In particular, I seek to understand racial/ethnic disparities and the experiences of Latinos in U.S. schools.
The Role of Social Relationships
One strand of my research considers the development of social relationships as a site of inequality production in schools. In my dissertation, “Nice to Meet You? Exploring the Development of Supportive Parent-School Relationships in Low-Income Latino Communities,” I use mixed methods to examine how parent-school connections develop (or fail to develop) in predominantly low-income Latino communities during early elementary school, and how a particular family engagement program intervenes on this process. I draw on parents’ own words collected through 50 in-depth interviews with parents from 30 Latino families to explore the processes by which Latino parents develop relationships with their children’s schools. I also examine patterns of growth in parent-school relationships and the impact of a family engagement program using survey data from the Children, Families, and Schools (CFS) study, a cluster randomized controlled trial of a popular family engagement program in 52 predominantly low-income Latino schools.
In a series of collaborative papers using CFS data, I also investigate how the family engagement program may address different educational inequalities. Drawing on a variety of methods, both qualitative and quantitative, these papers explore how social capital developed in schools serving historically marginalized populations, variation across local contexts in how the program affected grade retention, and implications of the program for gender inequalities in social resources.
Another strand of my research considers cultural mechanisms in the (re)production of inequality in schools. In my paper, “Ethnic Culture and Schools: The Role of Student-Teacher Relationships,” I examine the link between ethnic culture and achievement among junior high school students.

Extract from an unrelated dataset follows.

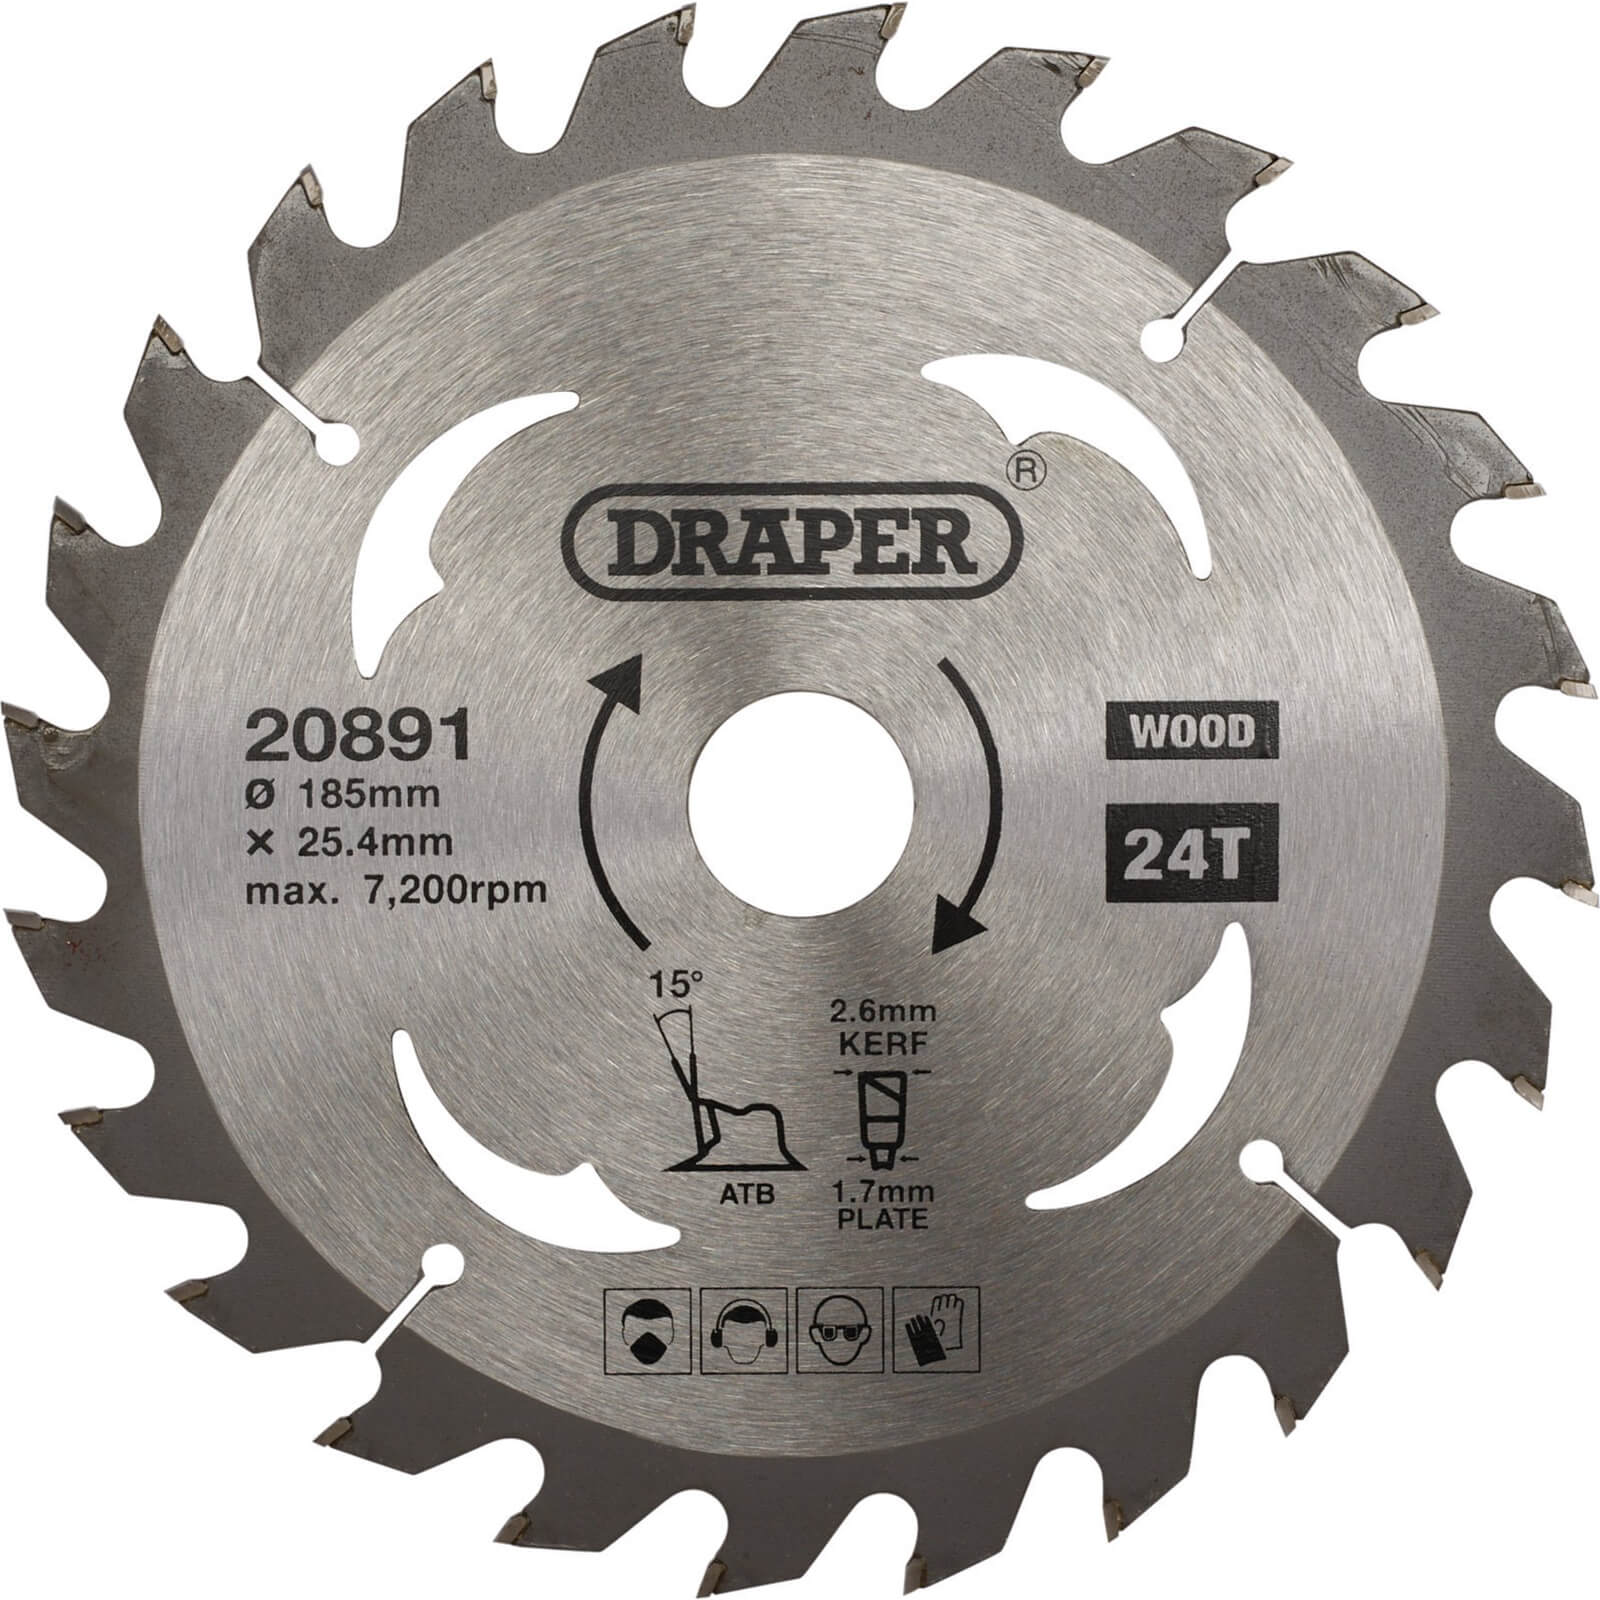 Image of Draper TCT Wood Cutting Circular Saw Blade 185mm 24T 25.4mm

I find that, for both Black and White students, the effect of ethnic identity on achievement operates more so through teacher perceptions than students’ attitudes about school.

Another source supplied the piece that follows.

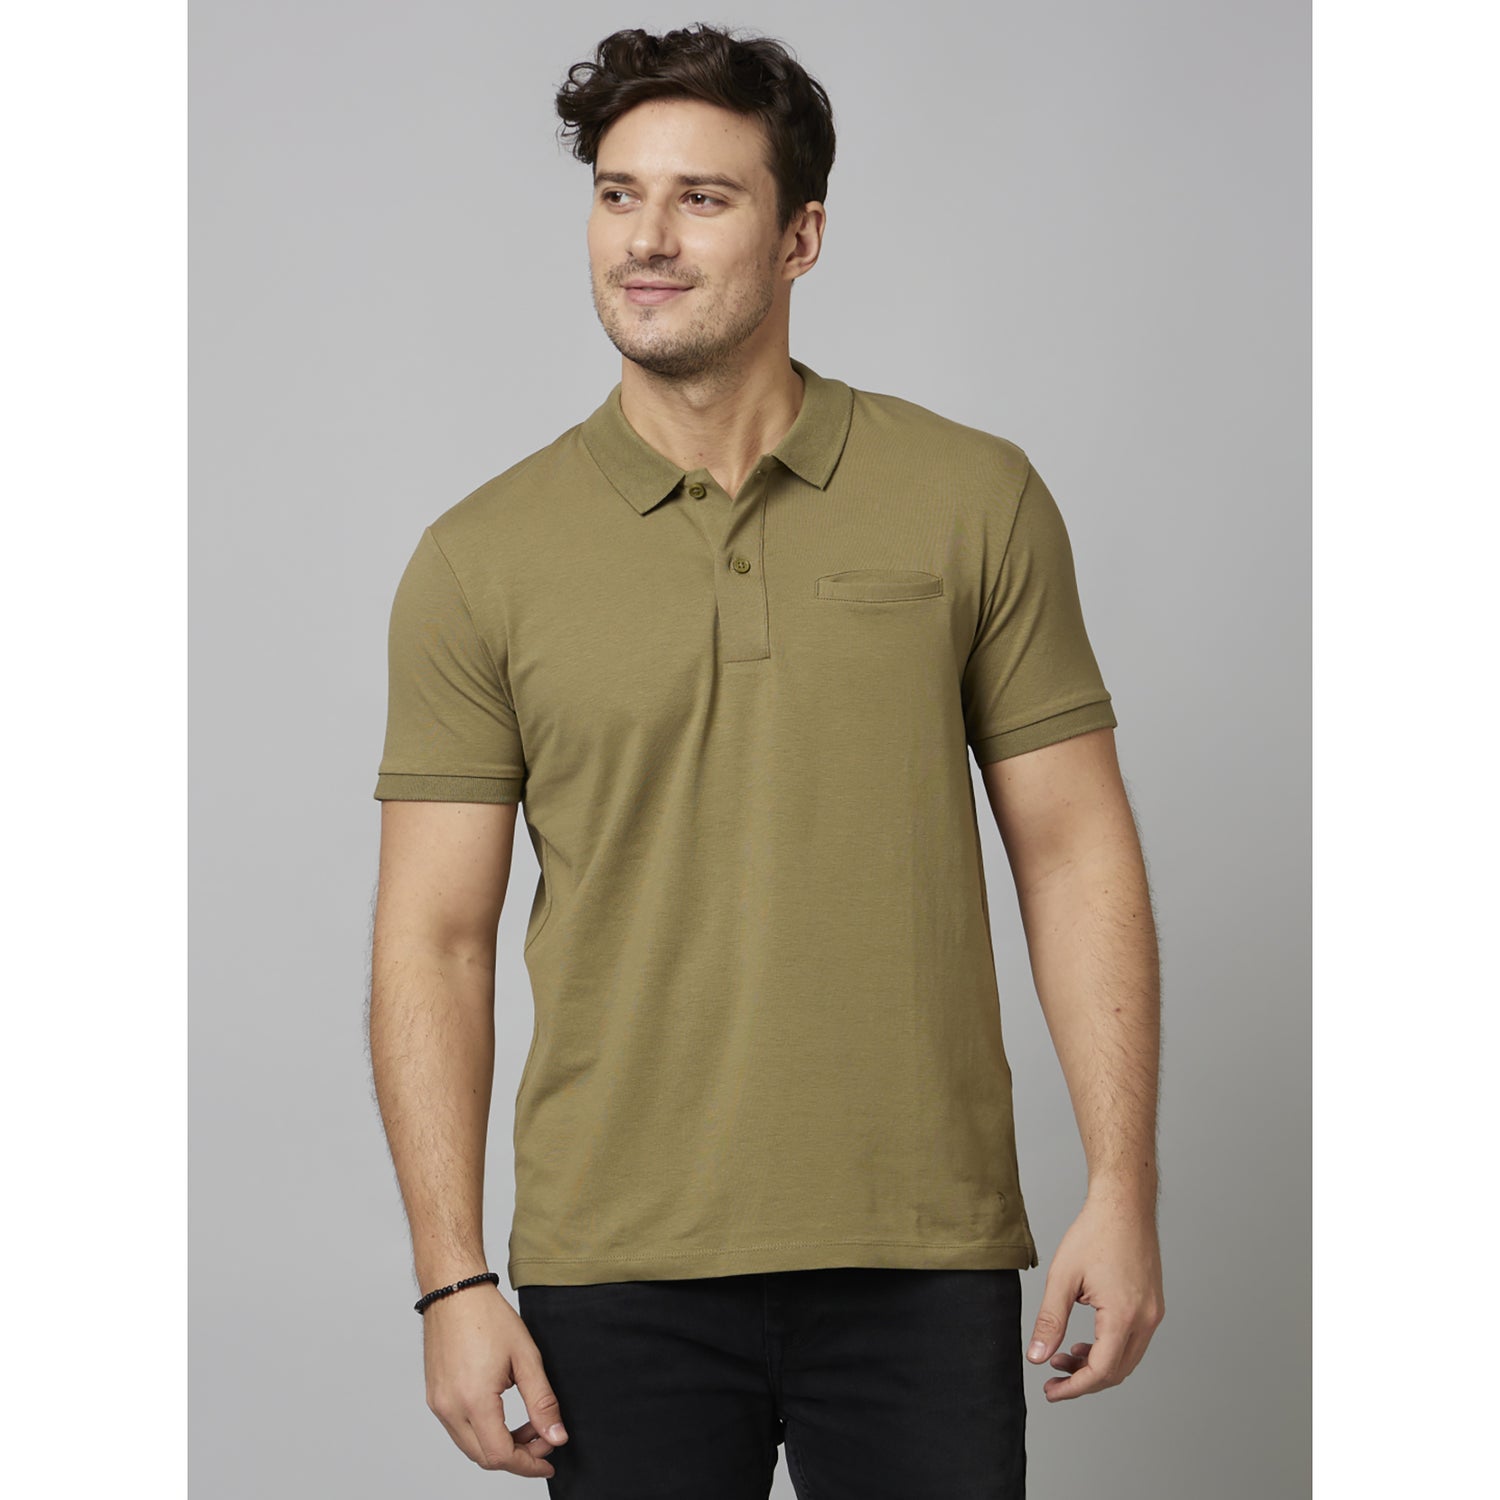 Khaki Solid Short Sleeve Cotton Poly Blend T-Shirts (DECOULE)

In other on-going collaborative work, I am examining the role of another cultural mechanism—parenting practices—in the production of inequality at the intersection of ethnicity and social class. My co-author and I explore the link between class background and childrearing using interview data on immigrant and U.S.-born Mexican-origin parents. We find that parenting is responsive to experiences of intragenerational class mobility, and within-family variation in parenting strategies can arise when mothers and fathers have different class backgrounds.